Australian Rail Track Corporation 2013 Annual Report - page 64

(f) Access revenue
Access revenue recorded in the Consolidated Income
Statement comprises amounts received and receivable
by the consolidated entity granting operators access to
the rail network during the year.
(g) Interest income and
borrowing expenses
Interest income is recognised as interest accrues using
the effective interest method. This is a method of
calculating the amortised cost of a financial asset and
allocating the interest income over the relevant period
using the effective interest rate, which is the rate
that exactly discounts estimated future cash receipts
through the expected life of the financial asset to the
net carrying amount of the financial asset. Borrowing
costs directly attributable to the acquisition,
construction or production of a qualifying asset (i.e.
an asset that necessarily takes a substantial period
of time to get ready for its intended use or sale) are
capitalised as part of the cost of that asset. All other
borrowing costs are expensed in the period they occur.
Borrowing costs that are not directly attributable
to the acquisition, construction or production of a
qualifying asset are recognised in profit or loss using
the effective interest method.

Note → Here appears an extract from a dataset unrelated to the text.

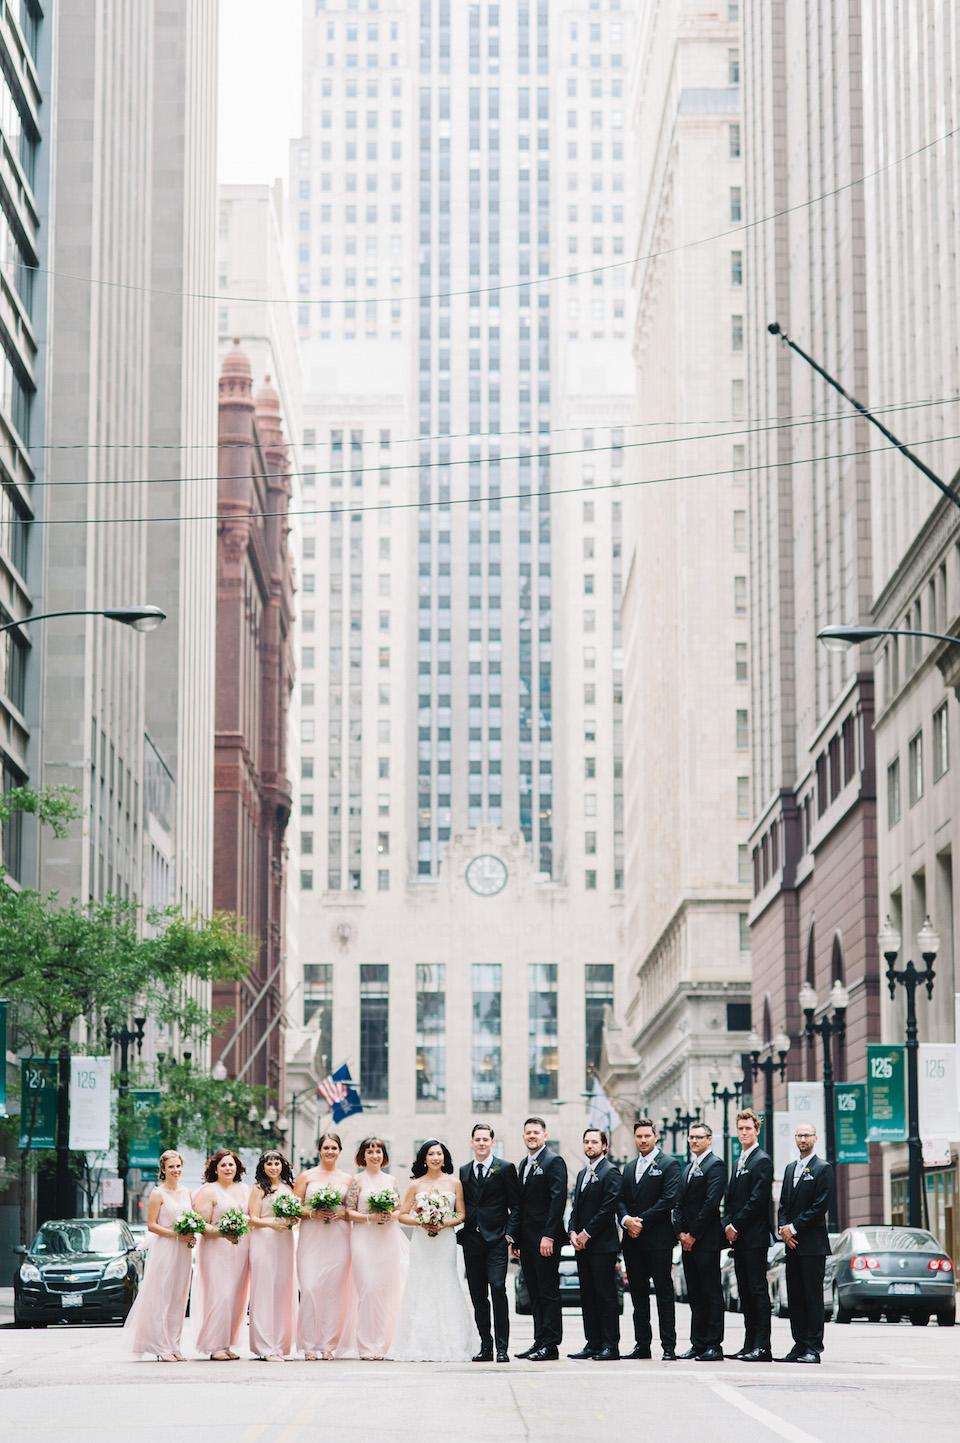 miles-michelle-wedding-150022.jpg

Borrowing costs consist
of interest and other costs that an entity incurs in
connection with the borrowing of funds.
(h) Recoveries and expenses
associated with rail access
related incidents
Income attributable to insurance or other recoveries
arising from rail access related incidents is only
recognised where a contractual agreement is in place
and receipt of amounts outstanding is virtually certain.
Costs of rectification are recognised when incurred.

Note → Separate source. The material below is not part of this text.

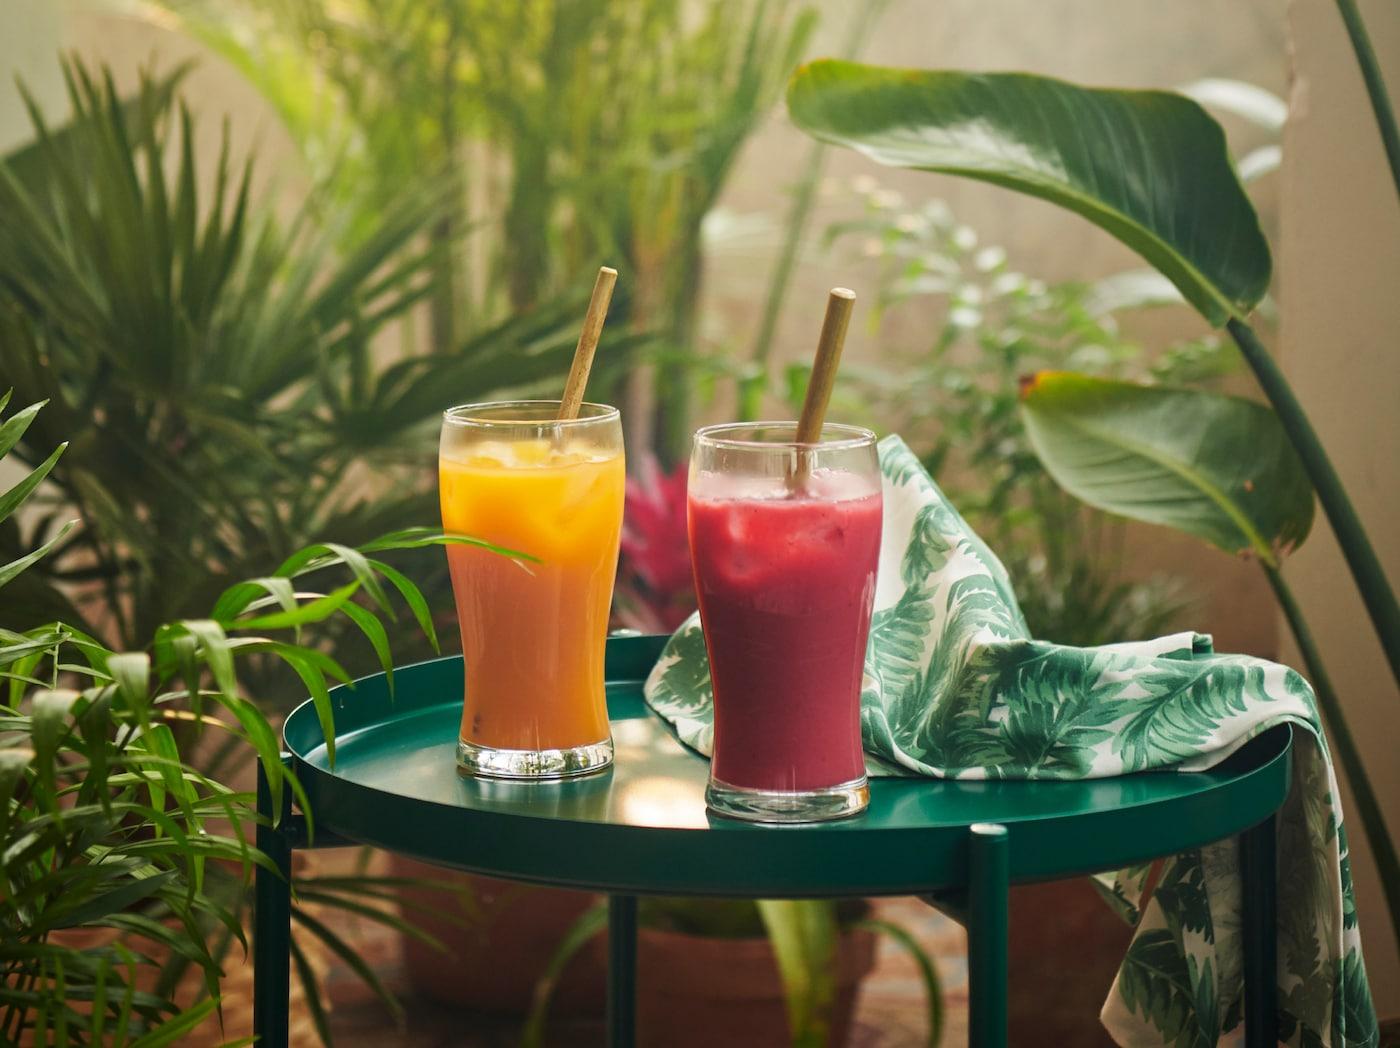 كوبان بهما سموزي FRUKTSTUND الممزوج مسبقًا بلون أصفر استوائي وأحمر فراولة على طاولة بين نباتات.

Where the Group has suffered damage to its rail
network due to other parties, the recourse of
commercial negotiation and, if not successful, legal
proceedings are initiated, as appropriate.
Contingent liabilities and assets are reviewed
throughout the year and finalised at reporting date
for inclusion in the financial statements. Inclusion
of liabilities or assets relating to rail access related
incidents occurs where the Group can reliably measure
costs or recoveries.
(i) Government grants
Grants received from the government by the Group fall
into two distinct categories and the treatment for each
is described below:
(i) Where the Grants have attached conditions and/
or are project specific, they are recognised at their fair
value and initially credited to Deferred Income upon
receipt, then recognised in the Consolidated Income
Statement over the period necessary to match them
with the costs that they are intended to compensate.
(ii) Where those grants relate to expenditure that is to be
capitalised, they are credited to the Consolidated Income
Statement on a straight line basis over the expected lives
of the related assets from the date of commissioning.
Grants that are related to expenditures that are not
to be capitalised, are credited to the Consolidated
Income Statement as the relevant expense is incurred.
(j) Major periodic maintenance
Maintenance of infrastructure assets is classified as
major periodic maintenance if it is part of a systematic
planned program of works, occurs on a cyclical basis
and is significant in monetary values. Major periodic
maintenance may include significant corrective
works, component replacement programs, and
similar activities and these costs are expensed in the
consolidated entity’s accounts.
(k) Income tax
Current tax assets and liabilities for the current and prior
periods are measured at the amount expected to be
recovered fromor paid to the taxation authorities based
on the current period’s taxable income. The tax rates and
tax laws used to compute the amount are those that are
enacted or substantively enacted by the reporting date.
Deferred income tax is provided on all temporary
differences at the reporting date between the tax
bases of assets and liabilities and their carrying
amounts for financial reporting purposes.